### SOURCE RECORDS
• • • • •

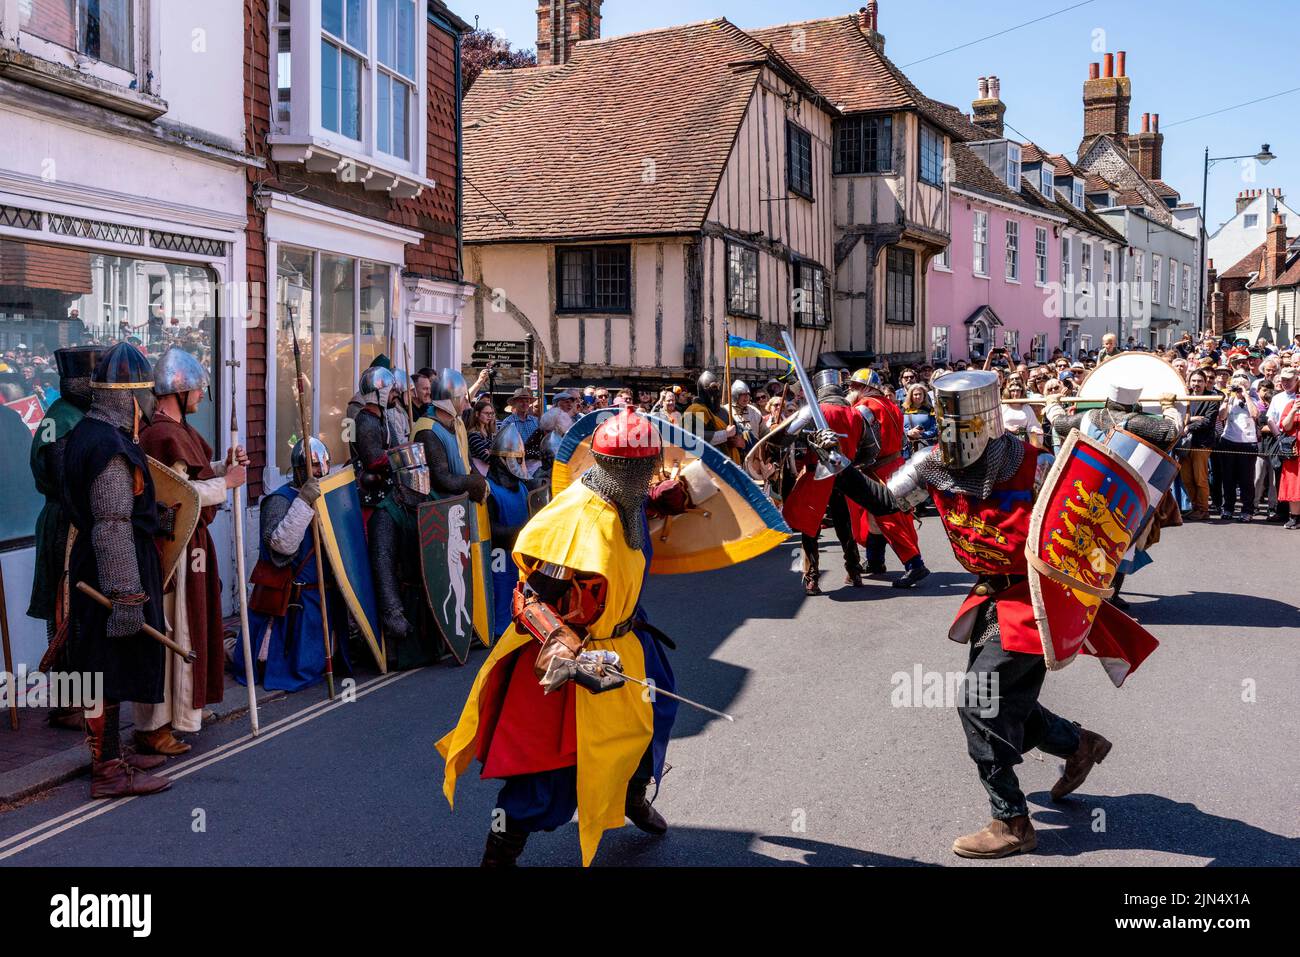 Las personas vestidas con trajes medievales participan en Una re-consagración de la Batalla de Lewes, Lewes, East Sussex, Reino Unido, del siglo 13th. Foto de stock
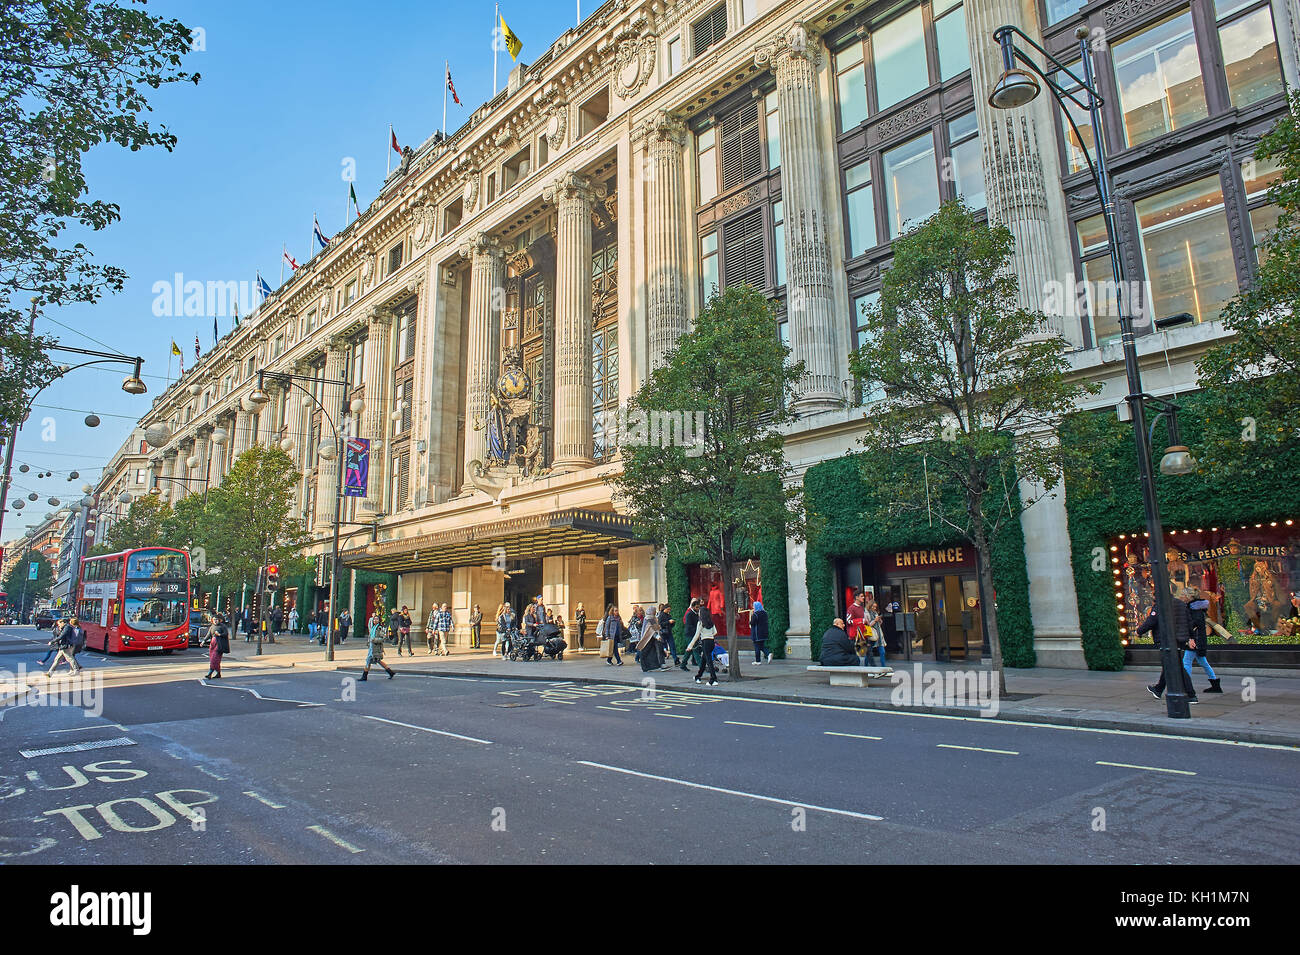 Dal grande magazzino Selfridges è un iconico Edificio sulla London Oxford Street nel West End. Foto Stock
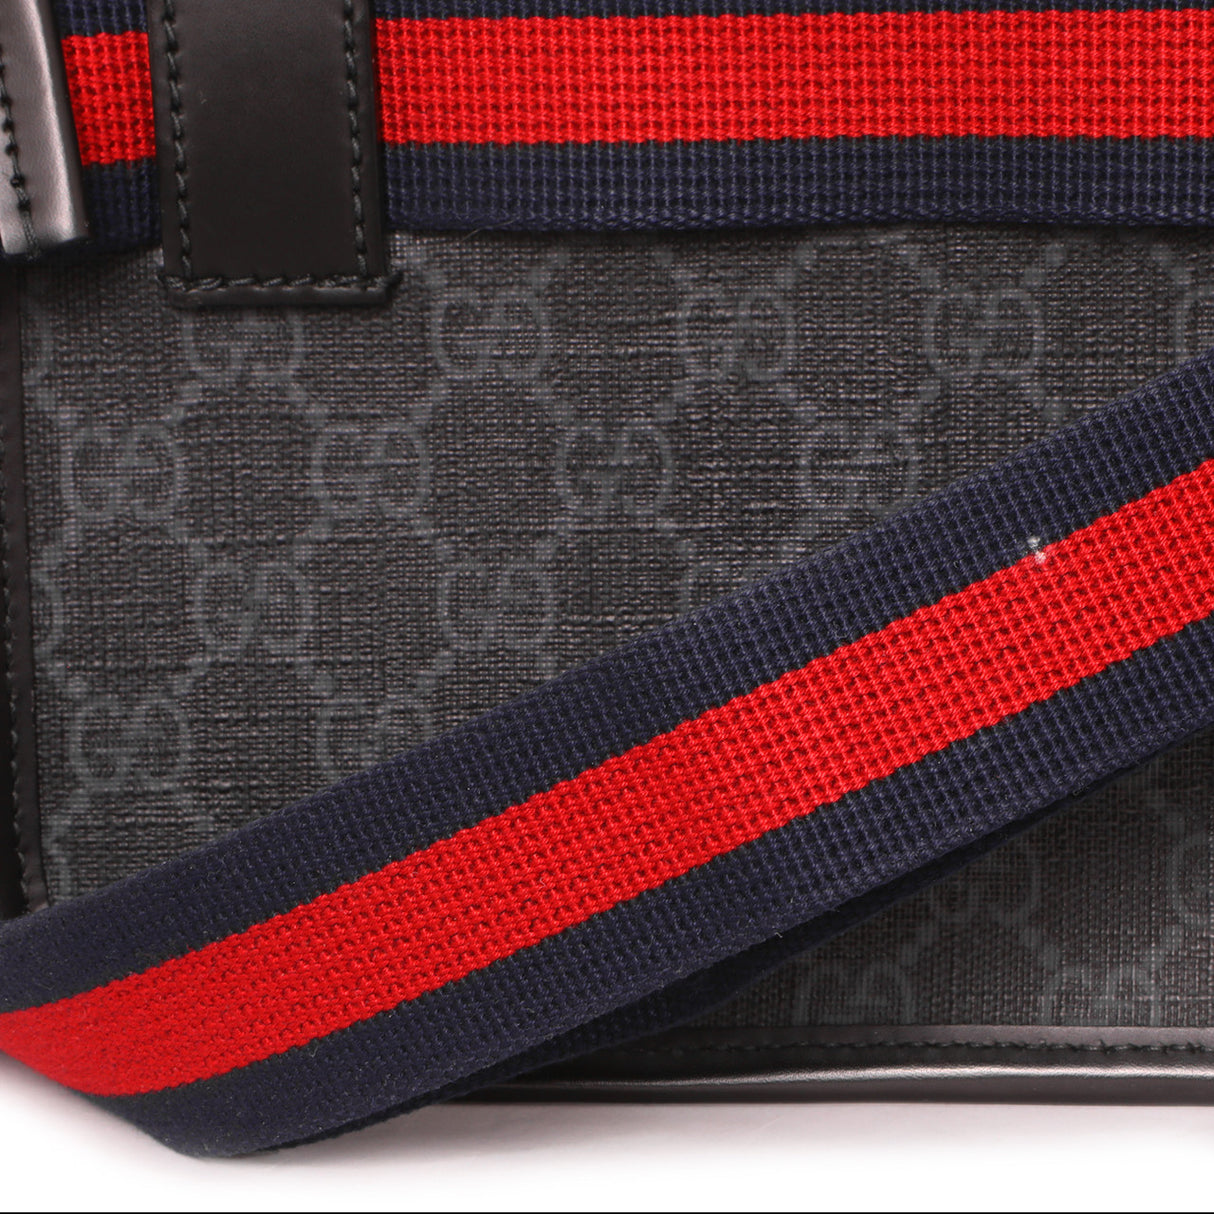 Gucci Black GG Supreme Monogram Belt Bag
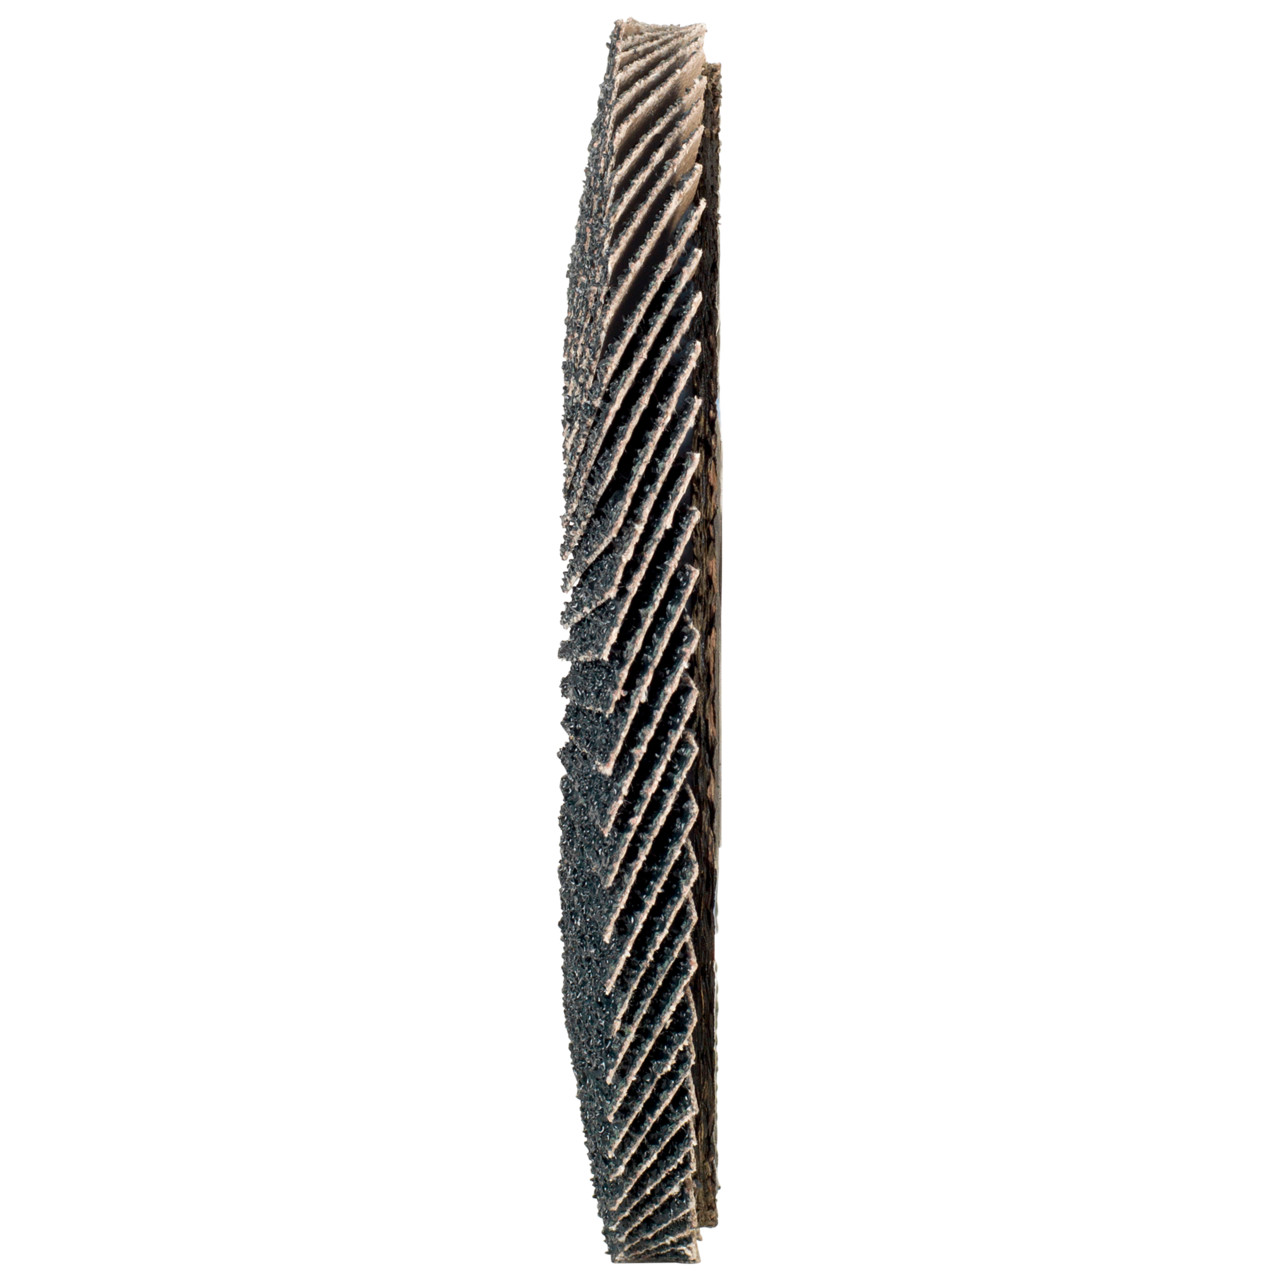 Tyrolit Gekartelde borgring DxH 115x22,2 2in1 voor staal &amp; roestvrij staal, P60, vorm: 27A - offset versie (glasvezeldrager huisversie), Art. 668644
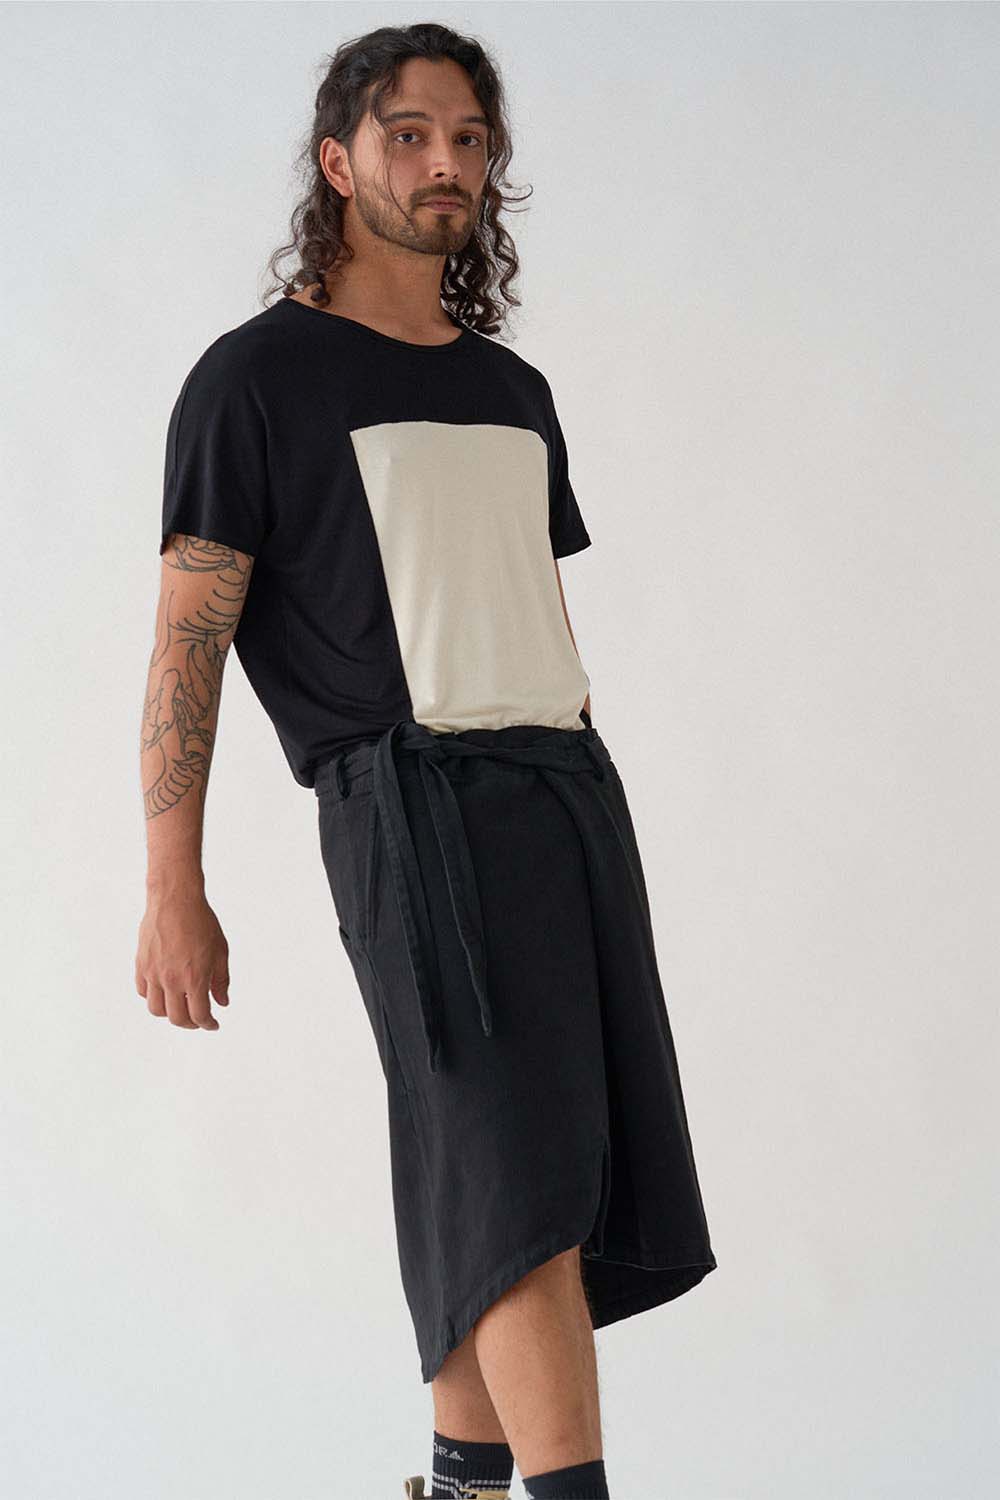 imagen  detalle del modelo con camiseta quadrilaterus negro y blanco y falda gris ceniza

• • • • •

### WORK TASK
Repeat the line containing "Dal grande magazzino" and every line after it up to the end of the material above, exactly as they stand, minus the pictures.

### YOUR RESPONSE
 Dal grande magazzino Selfridges è un iconico Edificio sulla London Oxford Street nel West End. Foto Stock
 Gucci Black GG Supreme Monogram Belt Bag
 Tyrolit Gekartelde borgring DxH 115x22,2 2in1 voor staal &amp; roestvrij staal, P60, vorm: 27A - offset versie (glasvezeldrager huisversie), Art. 668644
 imagen  detalle del modelo con camiseta quadrilaterus negro y blanco y falda gris ceniza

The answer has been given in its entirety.